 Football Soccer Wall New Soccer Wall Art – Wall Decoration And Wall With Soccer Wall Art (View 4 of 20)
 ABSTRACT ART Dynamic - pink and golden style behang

+ + + + + + +

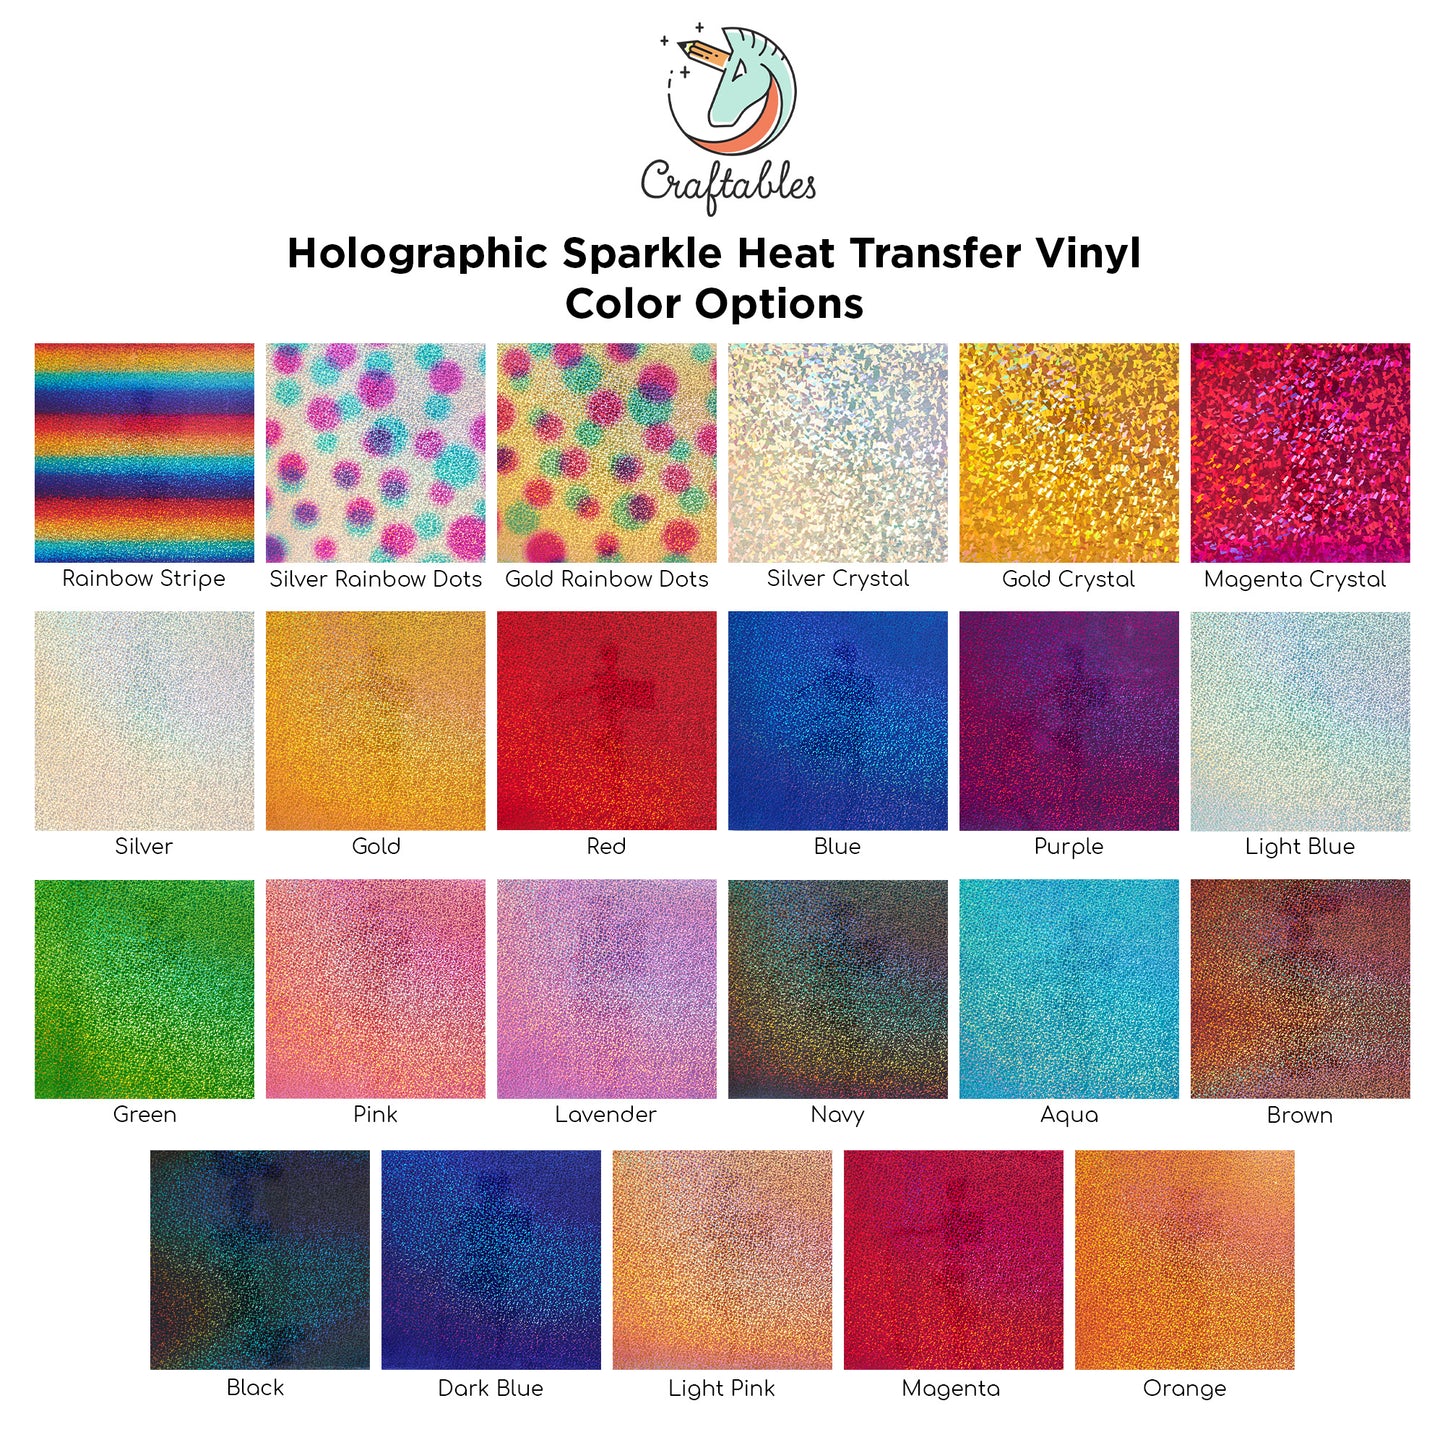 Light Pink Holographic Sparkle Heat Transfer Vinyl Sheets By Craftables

+ + + + + + +

Everything in the material above from the line that has "Football Soccer Wall" through the line that has "ABSTRACT ART Dynamic" must be duplicated exactly, with no other lines given.

:: Completed exercise ::
 Football Soccer Wall New Soccer Wall Art – Wall Decoration And Wall With Soccer Wall Art (View 4 of 20)
 ABSTRACT ART Dynamic - pink and golden style behang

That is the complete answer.